Richard Bellman on the Birth of Dynamic Programming (2002) [pdf] - kqr2
https://pubsonline.informs.org/doi/pdf/10.1287/opre.50.1.48.17791
======
OskarS
I love the section on the name "dynamic programming" (arguably the worst term
in all of computer science):

 _The 1950s were not good years for mathematical research. We had a very
interesting gentleman in Washington named Wilson. He was Secretary of Defense,
and he actually had a pathological fear and hatred of the word, research. I’m
not using the term lightly; I’m using it precisely. His face would suffuse, he
would turn red, and he would get violent if people used the term, research, in
his presence. You can imagine how he felt, then, about the term, mathematical.
The RAND Cor- poration was employed by the Air Force, and the Air Force had
Wilson as its boss, essentially. Hence, I felt I had to do something to shield
Wilson and the Air Force from the fact that I was really doing mathematics
inside the RAND Corporation. What title, what name, could I choose? In the
first place I was interested in planning, in decision making, in thinking. But
planning, is not a good word for various reasons.
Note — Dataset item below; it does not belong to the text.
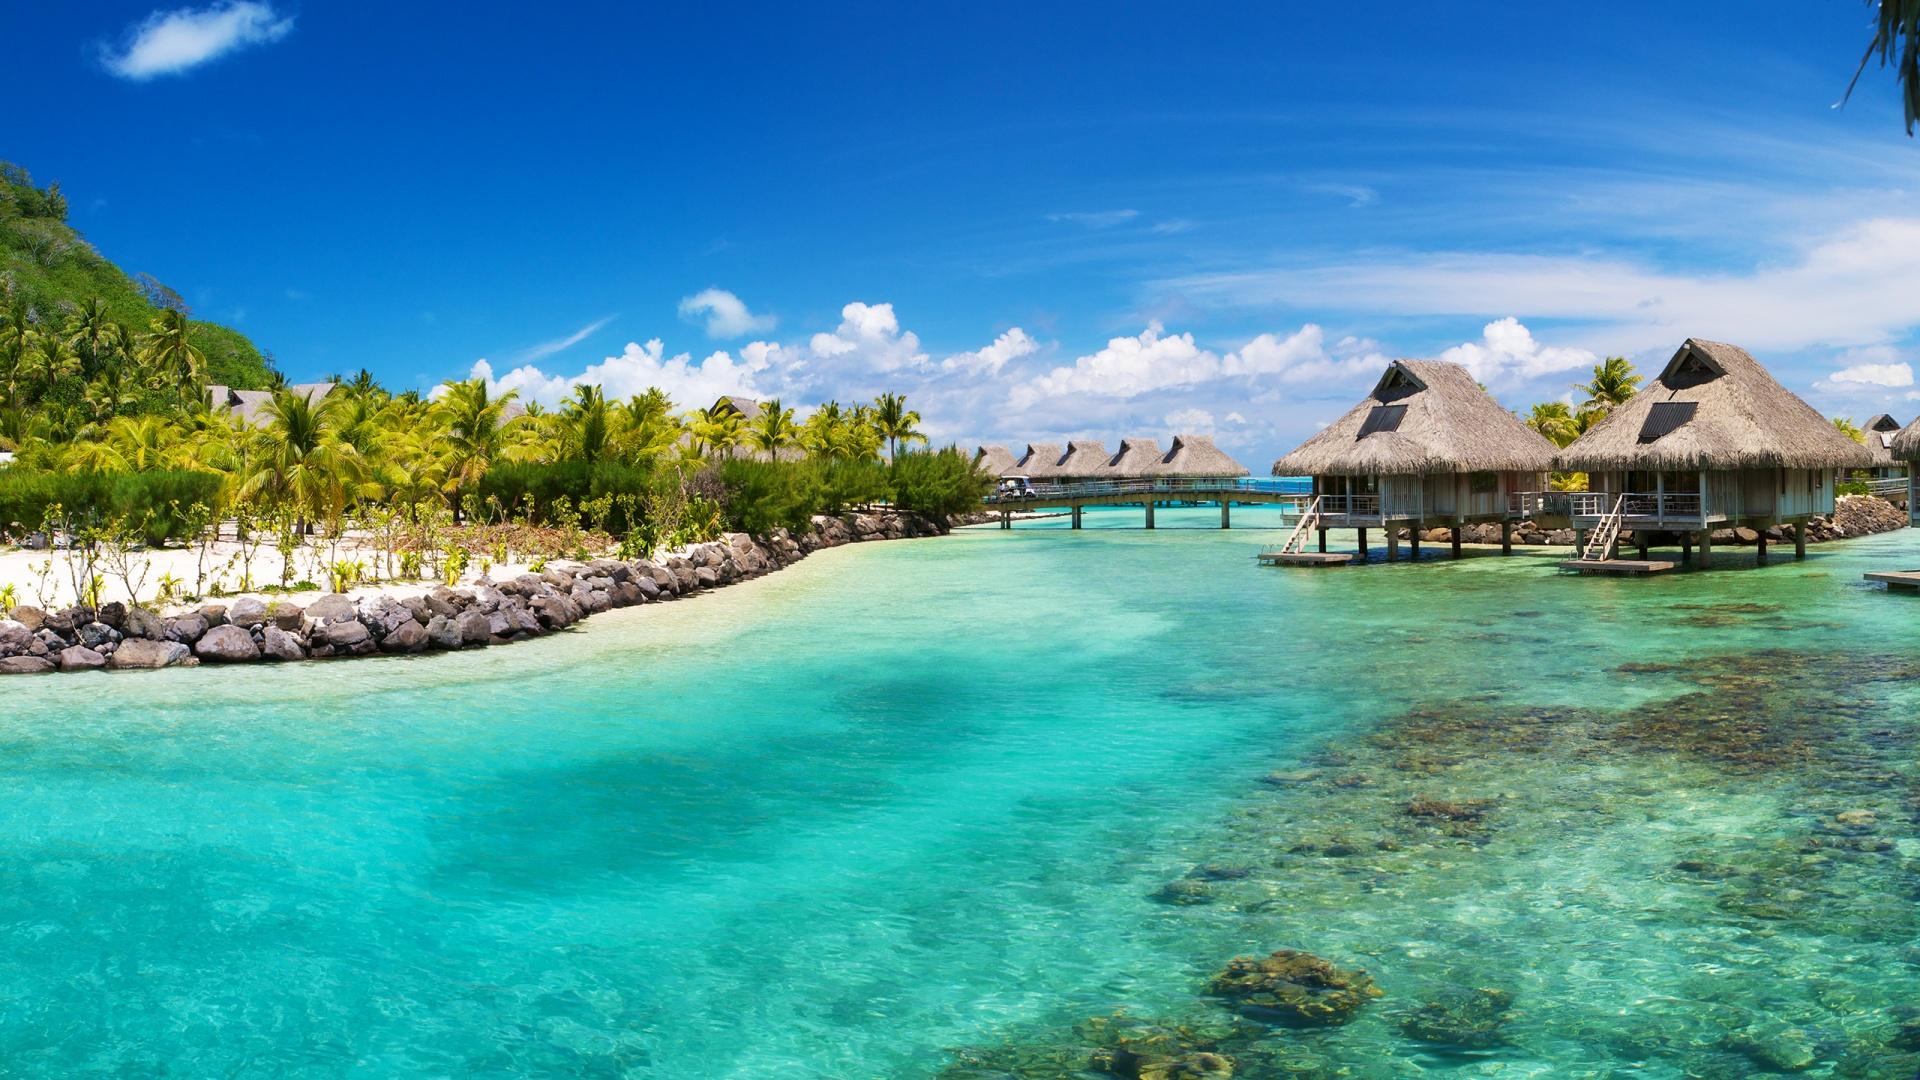 Belize Wallpaper · Belize Wallpaper ...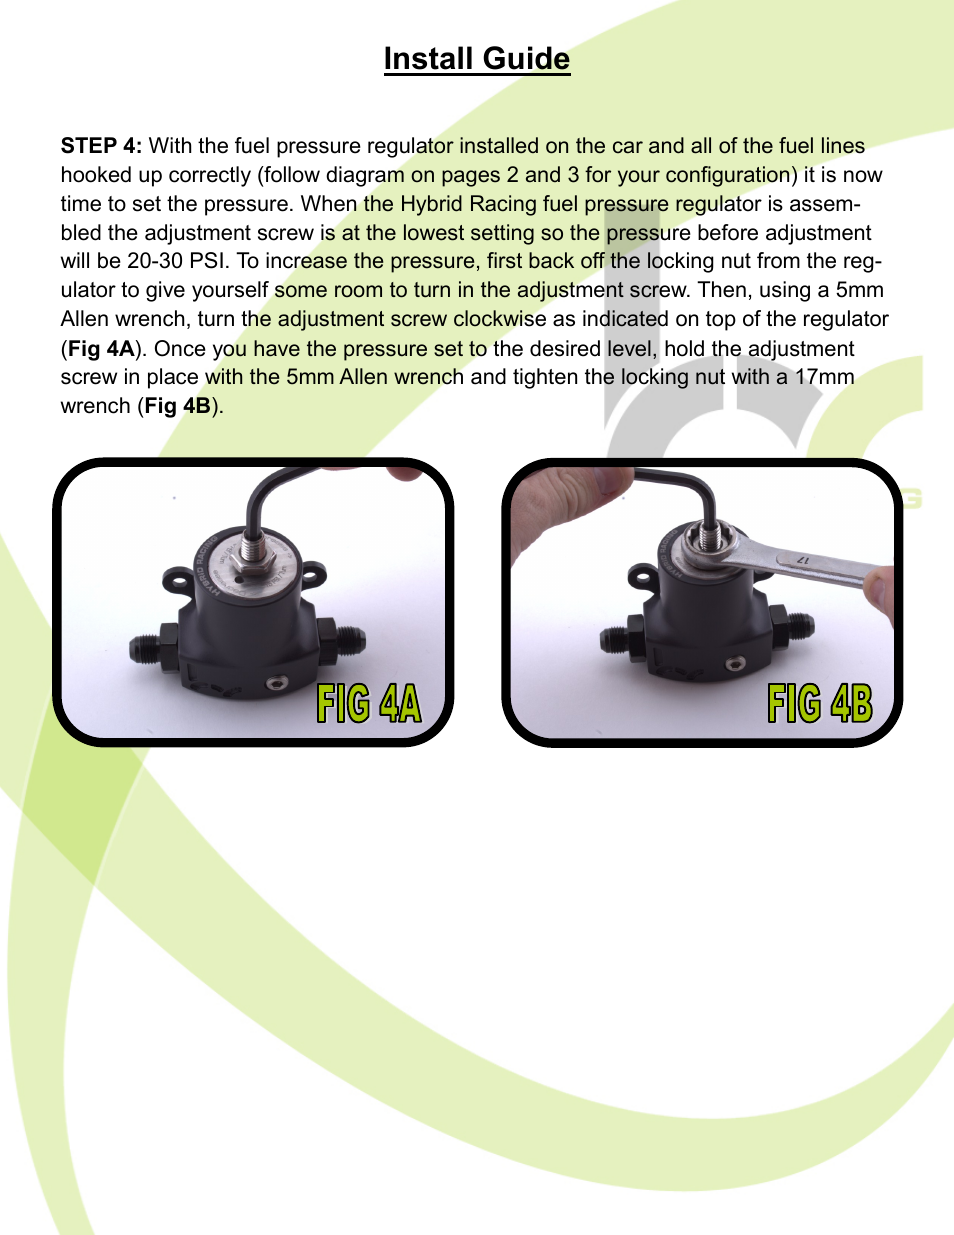 Install Guide Hybrid Racing Hr Unibody Fuel Pressure Regulator User Manual Page 6 7

I decided therefore to use
the word, ‘programming.’ I wanted to get across the idea that this was
dynamic, this was multistage, this was time-varying. I thought, let’s kill two
birds with one stone. Let’s take a word that has an absolutely precise
meaning, namely dynamic, in the classical physical sense. It also has a very
interesting property as an adjective, and that is it’s impossible to use the
word, dynamic, in a pejorative sense. Try thinking of some combination that
will possibly give it a pejorative meaning. It’s impossible. Thus, I thought
dynamic programming was a good name. It was something not even a Congressman
could object to. So I used it as an umbrella for my activities_

Basically: "I more or less randomly picked two words that sounded good in a
government bureaucracy". Makes sense!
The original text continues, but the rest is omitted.